Although the inlay is implanted unilaterally, it does not create a monovisual state. The eye with the implant remains emmetropic so both eyes work together at distance, and the lack of image magnification prevents aniseikonia. Examination and imaging of ocular structures are not affected by the inlay, and visual field testing of subjects with the inlay implanted show thresholds remaining within preoperative values.
Implanting the inlay
The inlay is implanted into a femtosecond laser-enabled pocket at a depth of 210 µm, centered on the line of sight of the patient's non-dominant eye. This target depth is deep enough to prevent topographic changes and shallow enough to minimize light scatter and maximize visual recovery.
The pocket provides a number of distinct advantages. First, the majority of peripheral corneal nerves are preserved, which allows for maintained corneal sensitivity.

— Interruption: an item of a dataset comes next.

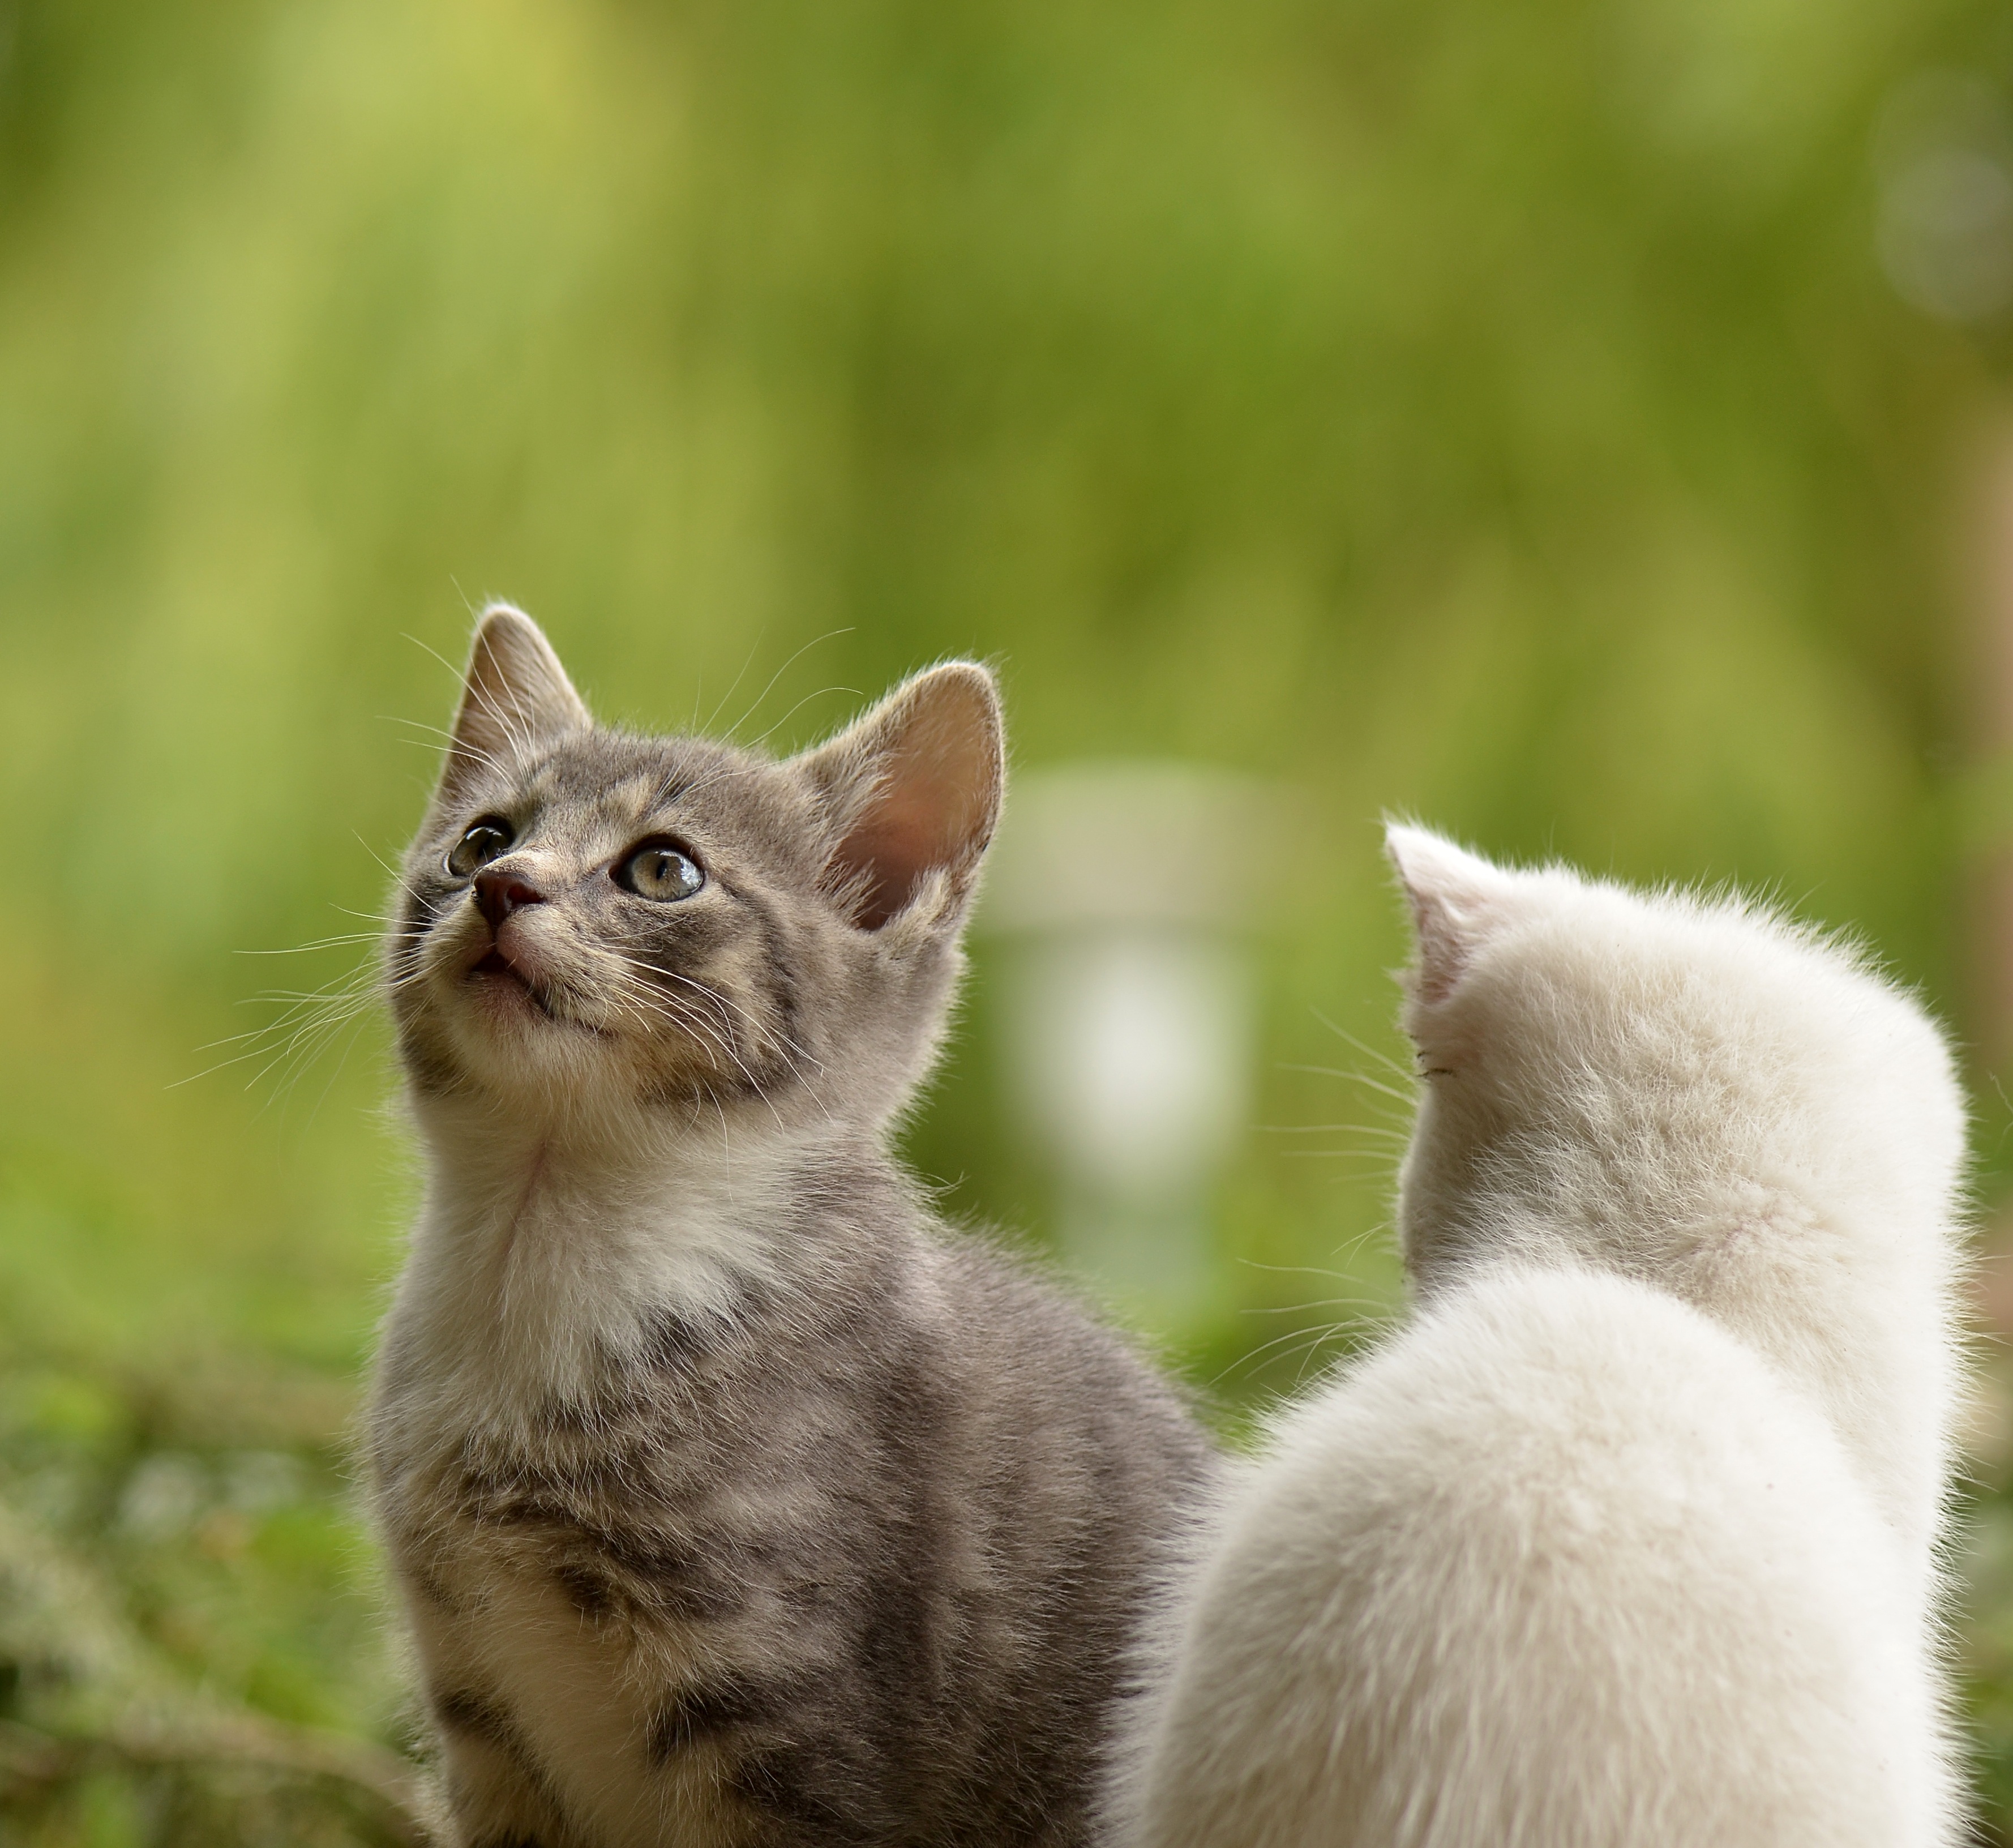 Tusindvis af dumpet – se dyreekspertens råd til ansvarlige katteejere | Plantorama

The transient dryness that can be observed after lamellar corneal refractive surgery is minimized with pockets. Pocket procedures also preserve the peripheral biomechanical properties of the cornea, which, like the anterior stroma, provide a majority of the biomechanical stability. Lastly, striae are not a concern because a lamellar flap is not created.
A combined LASIK and KAMRA procedure is gaining popularity outside the United States for the simultaneous treatment of ametropia and presbyopia. In this "SIM-LASIK" procedure, the inlay is placed under a 200-µm LASIK flap after an excimer ablation. This procedure allows surgeons to set the postoperative refractive target, thereby optimizing a patient's refractive status and outcomes.
Regulatory status and results
Enrollment in the current FDA Investigational Device Exemption clinical study was completed recently, and clinical trials are underway to fulfill requirements for FDA approval. To date, safety and efficacy results have been excellent.
The intracorneal inlay represents a new paradigm in the treatment of presbyopia. By utilizing the pinhole concept, this seemingly simple yet high-tech device selects for non-bent rays of light, which provides one of the broadest depths of focus of any of the known treatments for presbyopia. Future applications may include implantation in patients with pseudophakia and post-laser vision correction emmetropia
George O. Waring IV, MD is a clinical assistant professor, Emory University School of Medicine, Atlanta, and is the world surgical monitor for AcuFocus.